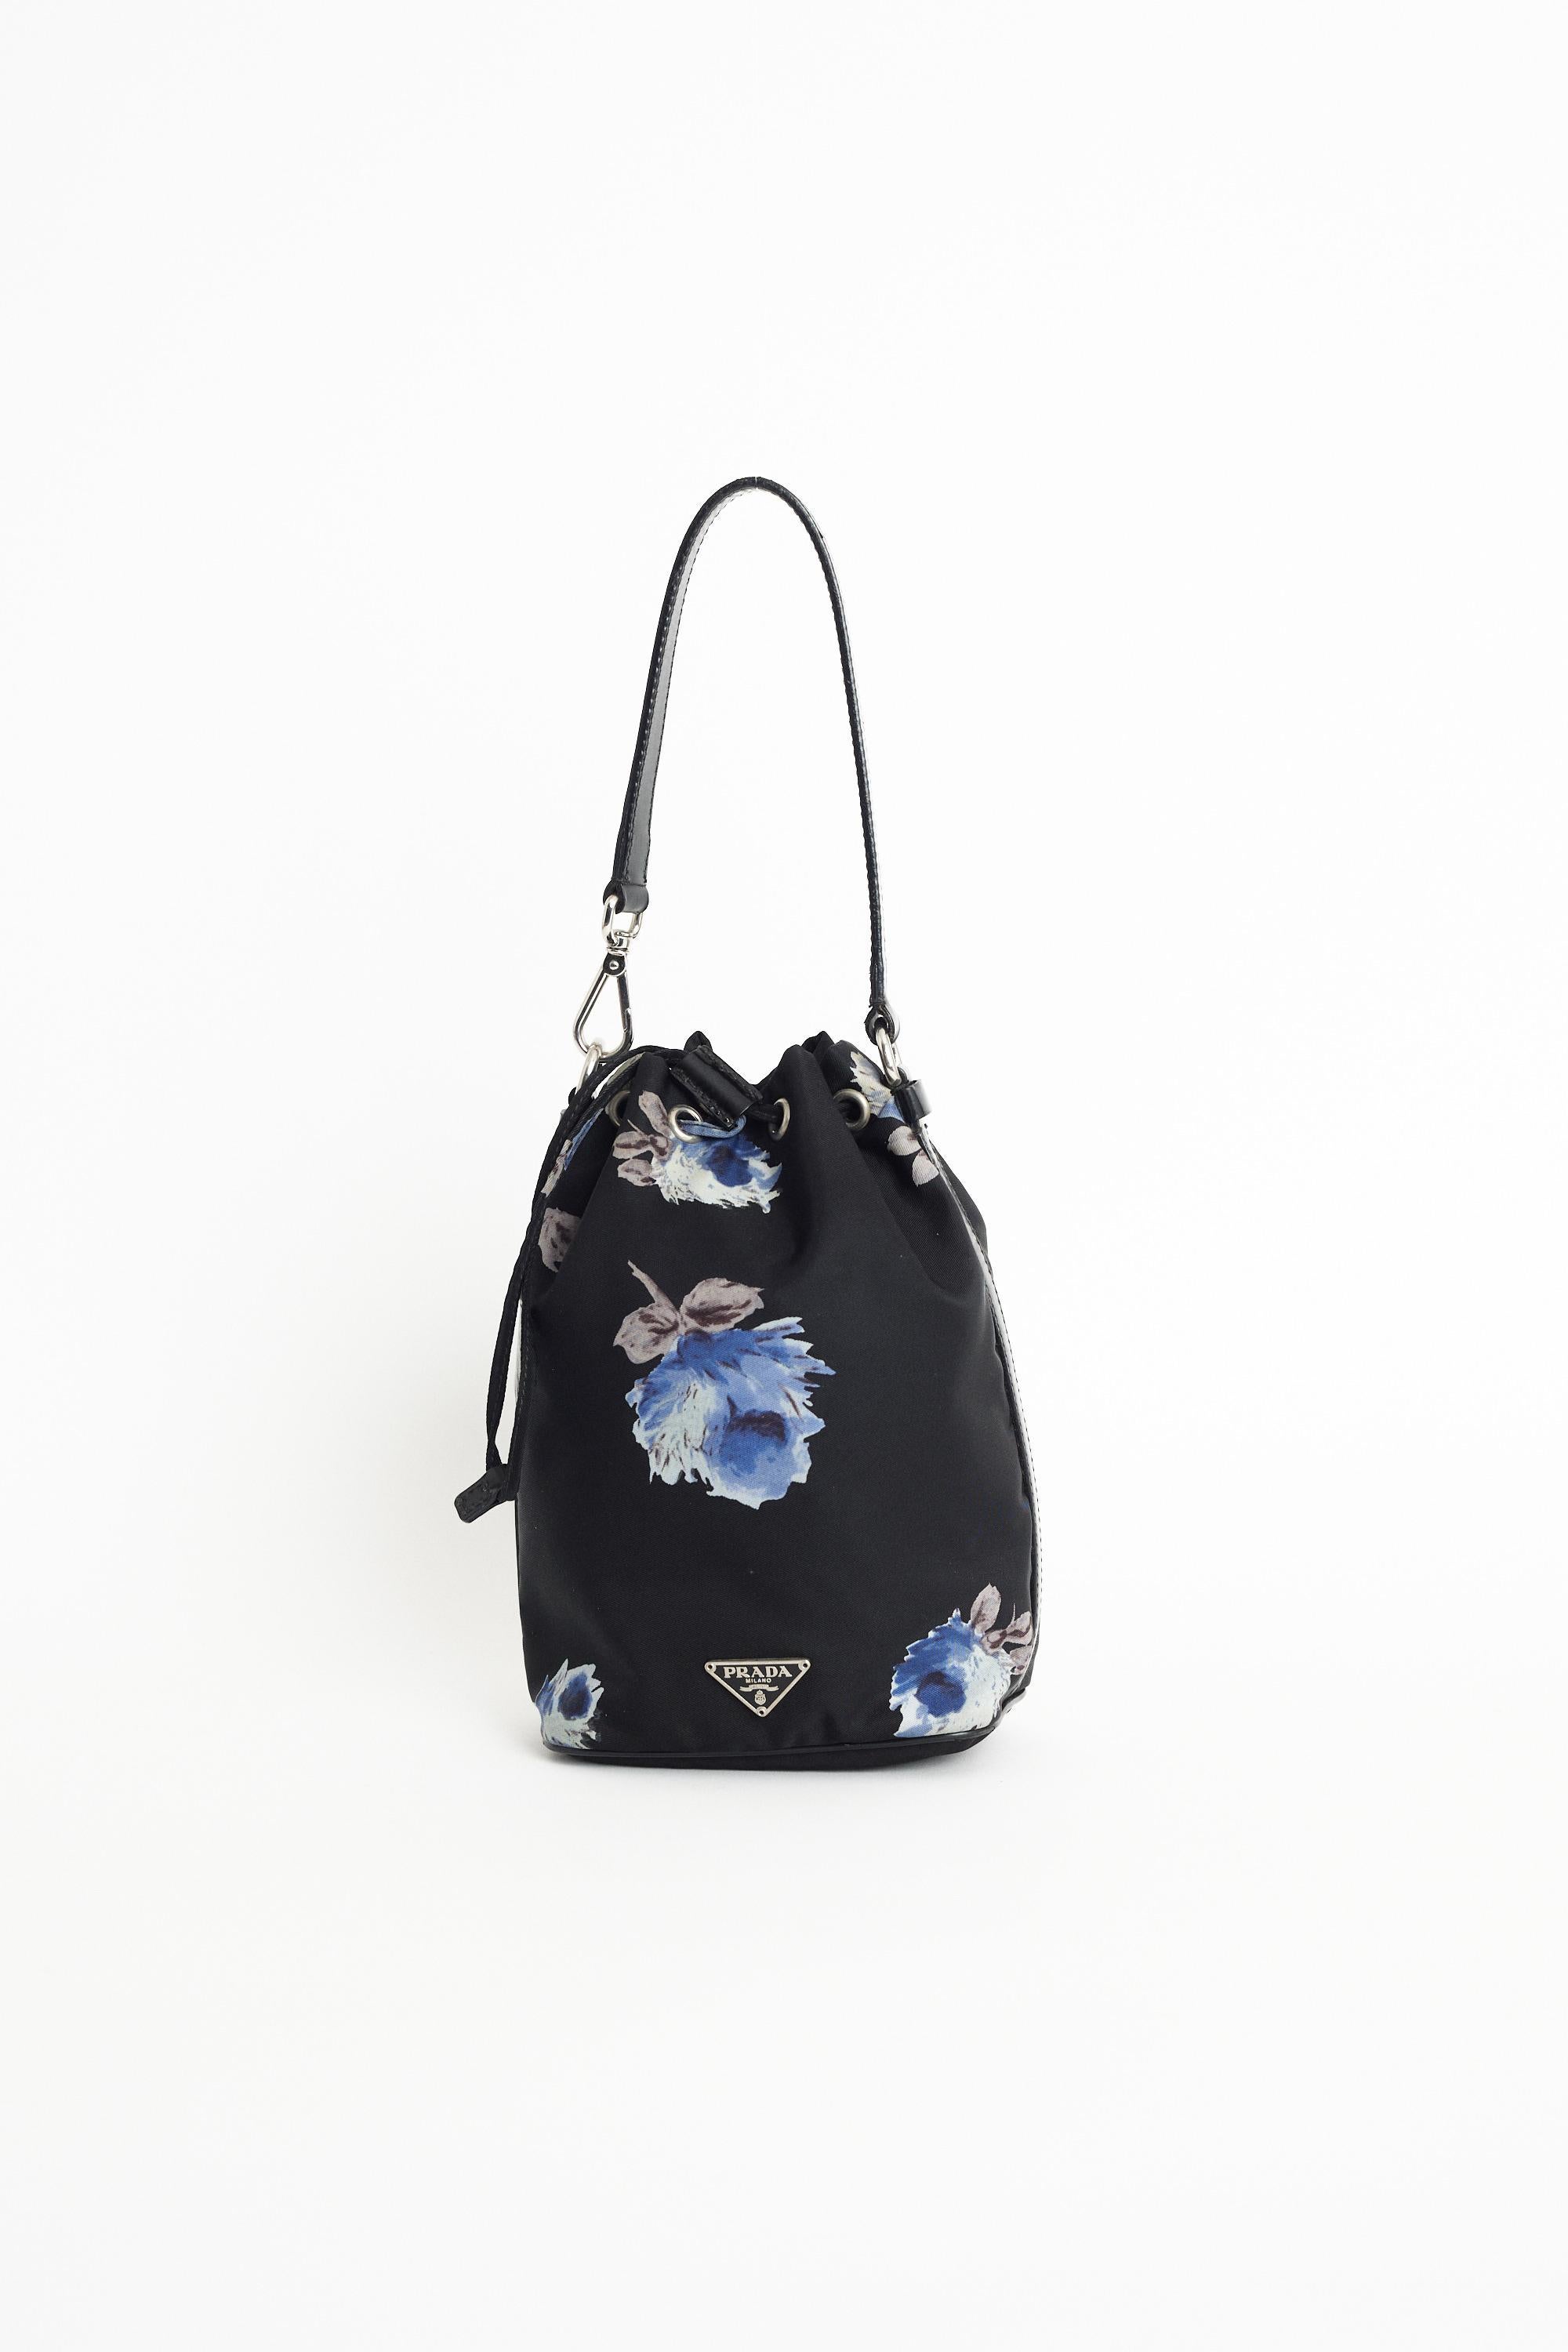 We are very excited to present this Prada rare nylon floral bucket bag. Features soft structure, Prada hardware, removable strap and drawstring closure. Pre-loved, in excellent vintage condition. Authenticity guaranteed.

Fabric: Nylon
Dustbag:

— Exercise description —
If the data includes images, omit them, and set down everything else exactly as above.

— Solution to the exercise —
 We are very excited to present this Prada rare nylon floral bucket bag. Features soft structure, Prada hardware, removable strap and drawstring closure. Pre-loved, in excellent vintage condition. Authenticity guaranteed.

Fabric: Nylon
Dustbag:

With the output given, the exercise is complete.